Взял свой чемоданишко Михаил Федорович, проверил, не забыл ли чего, – и ушел.

В Давлеканове он сразу пошел в кузницу – заказывать ограду для могилы. Нехорошо сейчас было делать это, да когда еще выберешься, кто знает, а осень стоит гнилая, ненадежная – сегодня мороз, а завтра слякоть, не проедешь. А в деревне кузницы не было. И в Никольском нельзя ограду заказывать – мигом все село узнает, стыда не оберешься.

В кузнице было горячо и красно от работающих горнов, ухало, грохотало, било. Михаил Федорович осмотрелся, отозвал в сторону кузнеца – здоровенного детину с обожженным до медного цвета лицом.

– Чего тебе, папаша? – прогудел детина.

– Надо бы ограду для могилы сделать.

– Ограду? – детина помолчал, подумал. – Работы у нас много, некогда.

Михаил Федорович понял – парень цену набивает – и попытался возразить:

– Какая же сейчас работа? Чай, не посевная и не уборочная.

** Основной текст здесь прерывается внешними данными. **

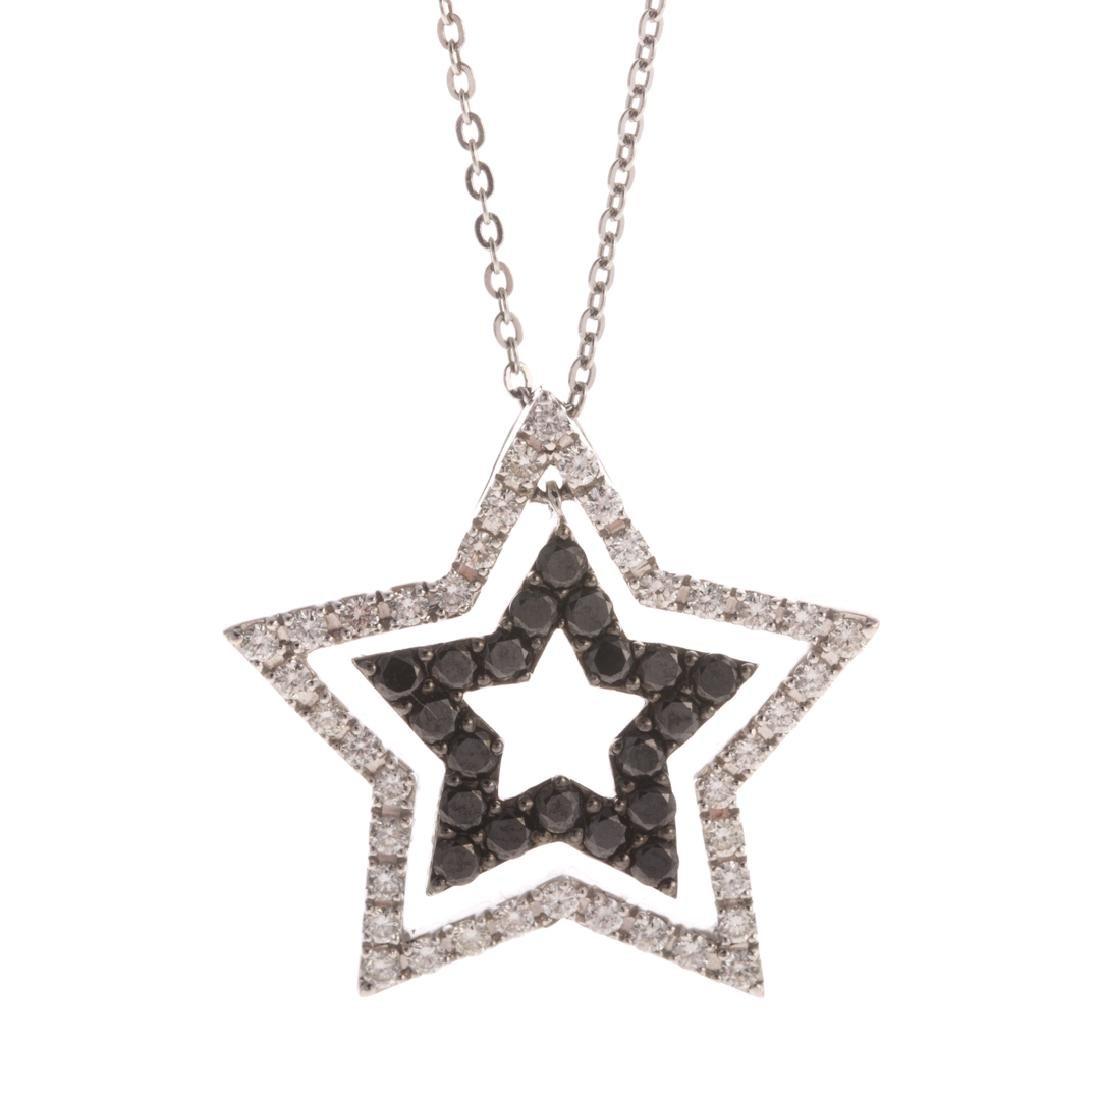 A Black & White Diamond Star Pendant

Детина снисходительно ухмыльнулся.

– У нас, батя, работа не сезонная – техника пошла такая, что в любое время ломается, успевай поворачиваться. Ограду сделать, конечно, можем, да только после работы, а это, сам знаешь, недешево стоит. Хочешь – заказывай, нет – воля твоя.

– За двухместную сколько возьмешь?

– Как это – за двухместную? – опешил парень.

– Да так... – спокойно сказал Михаил Федорович. – Для двух покойников.

– Оба сразу, что ли, померли? – удивленно допытывался кузнец.

– Оба не оба, тебе-то что за дело? – рассердился Михаил Федорович. – Говори сразу, сколько возьмешь.

Озадаченный кузнец почесал в затылке.

– Так ить... не знаю даже, как и сказать. Мы таких не делали. А когда надо?

– Не к спеху, – сказал Михаил Федорович.

– То есть как это не к спеху? – еще больше изумился кузнец. – Покойнички мертвые али нет?

– Давно умерли, а ограды нет.

– А-а... – протянул кузнец. – Так бы сразу и говорил. А то я было подумал, что ты загодя заказываешь... Сделаем, батя, а вот за сколько – дай подумать. Обыкновенные мы за четвертную делаем, а двойную... сороковку. Пойдет?

– Дорого, – ответил Михаил Федорович, подумав, но взглянул на лицо кузнеца и не стал торговаться. – Ладно, согласен.

– Только давай сразу договоримся – половину сейчас платишь. И дней через десять чтобы забрал отсюда – не дай бог какая-нибудь проверка, мне из-за тебя припухать никакого смысла нет.

– Ладно, – согласился Михаил Федорович и полез в карман за деньгами.

Подъезжая к дому, думал – жива ли?

Анна Матвеевна была жива. Еще с порога он услышал ее хриплое дыхание и тихий стонущий голос – она опять была без памяти.